Laurana hob ihren Kopf, ihre Augen glühten im Fackelschein.
»Ihr erwartet eine prächtige Rede«, sagte sie, ihre Stimme war so kalt wie die Luft in der Grabesstätte. »Eine prächtige Rede zu Ehren der heldenhaften Taten dieser Männer, die gestorben sind. Nun, ihr werdet sie nicht hören. Nicht von mir!«
Die Ritter tauschten Blicke, ihre Gesichter verdunkelten sich.

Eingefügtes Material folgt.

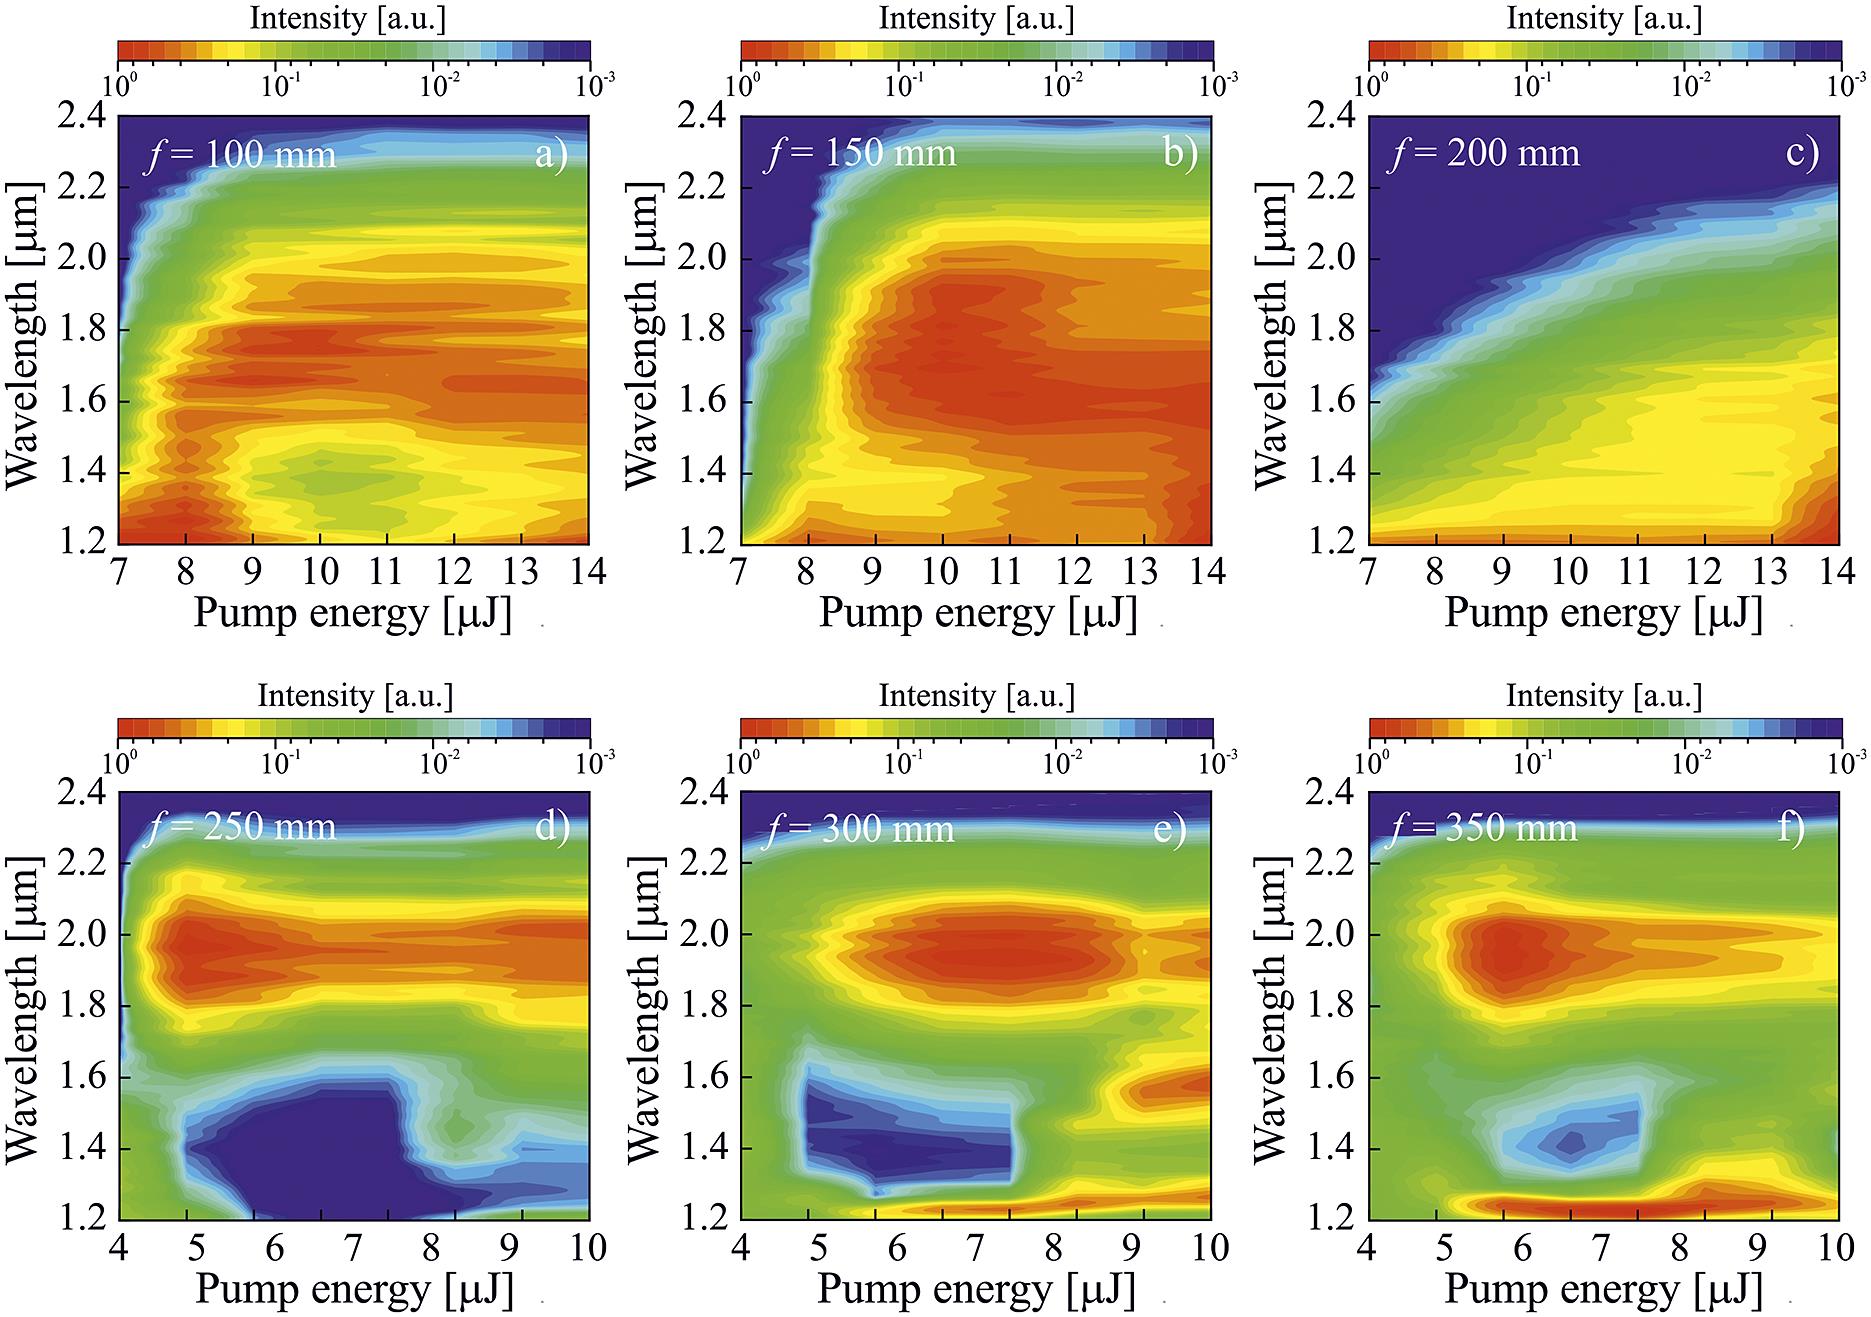 Dependence of the intensity of the SC spectrum envelope on the pump pulse energy at different focal lengths for YAG crystals 15 mm (a)–(c) and 130 mm (d)–(f).

»Diese Männer, die in einer Bruderschaft vereinigt sein sollten, die gegründet wurden, als Krynn jung war, starben in bitterer Unstimmigkeit, hervorgerufen durch Stolz, Ehrgeiz und Gier. Eure Augen richten sich auf Derek Kronenhüter, aber ihm ist nicht allein die Schuld zu geben. Euch. Euch allen! Jeder einzelne von euch, der diesem rücksichtslosen Kampf um Macht zugestimmt hat.«
Einige der Ritter senkten ihre Köpfe, andere erblaßten vor Scham oder vor Wut. Laurana erstickte fast an ihren Tränen.
Dann fühlte sie Flints Hand die ihre tröstend drücken. Sie schluckte und holte tief Luft.
»Nur ein Mann stand darüber. Nur ein Mann unter euch lebte den Kodex jeden Tag seines Lebens. Und die meiste Zeit war er kein Ritter. Beziehungsweise er war ein Ritter, nämlich da, wo es das meiste bedeutet – im Geist, im Herzen und nicht in einer offiziellen Liste.«
Laurana griff hinter sich und nahm die blutbefleckte Drachenlanze vom Altar. Sie hob sie hoch über ihren Kopf, und dabei hob sich auch ihre Stimmung. Die Schatten der Dunkelheit um sie hatten sich gelüftet. Als sie wieder sprach, starrten die Ritter sie verwundert an. Ihre Schönheit beglückte sie wie die Schönheit eines erwachenden Frühlingstages.
»Morgen werde ich diesen Ort verlassen«, sagte Laurana leise, ihre strahlenden Augen waren auf die Drachenlanze gerichtet. »Ich gehe nach Palanthas. Ich werde dort die Geschichte des heutigen Tages erzählen! Ich nehme diese Lanze und den Kopf eines Drachen mit. Ich werde diesen unheilvollen, blutigen Kopf auf die Stufen ihres wunderschönen Palastes werfen. Ich werde auf dem Drachenkopf stehen und sie zwingen, mir zuzuhören! Und Palanthas wird zuhören! Sie werden die Gefahr sehen! Und dann gehe ich nach Sankrist und nach Ergod und zu allen anderen Plätzen in dieser Welt, wo die Leute sich weigern, ihre nichtigen Haßgefühle zu vergessen und sich zu verbünden. Denn solange wir das Böse in uns nicht bekämpfen – so wie dieser Mann es tat -, so lange werden wir niemals dieses Böse besiegen, das uns zu verschlingen droht!«
Laurana hob ihre Hände und ihre Augen zum Himmel. »Paladin!« rief sie, ihre Stimme hallte wie ein Trompetenruf. »Wir kommen zu dir, Paladin, und begleiten die Seelen dieser ehrenhaften Ritter, die im Turm des Oberklerikers ihr Leben ließen. Gib uns, den in dieser vom Krieg zerrissenen Welt Zurückgebliebenen, die gleiche Ehrenhaftigkeit, die den Tod dieses Mannes auszeichnet!«
Laurana schloß ihre Augen, Tränen liefen über ihre Wangen.
Sie konnte nicht mehr um Sturm trauern. Ihre Trauer galt ihr selbst, dem Fehlen seiner Gegenwart, daß sie Tanis vom Tod seines Freundes erzählen mußte, daß sie in dieser Welt ohne diesen ehrenhaften Freund an ihrer Seite leben mußte.
Langsam legte sie die Lanze auf den Altar. Dann kniete sie davor nieder, spürte Flints Arm um ihre Schultern und Tolpans sanfte Berührung ihrer Hand.
Als sie betete, hörte sie die Ritter hinter sich ihre Stimmen mit eigenen Gebeten zu dem großen und uralten Gott Paladin erheben.
Dann gingen die Ritter langsam und feierlich nacheinander nach vorn, um den Toten die letzte Ehre zu erweisen, jeder kniete einen Moment vor dem Altar. Dann verließen die Ritter von Solamnia die Kammer des Paladin und kehrten zu ihren Ruhelagern zurück, um noch etwas Schlaf vor der Morgendämmerung zu finden.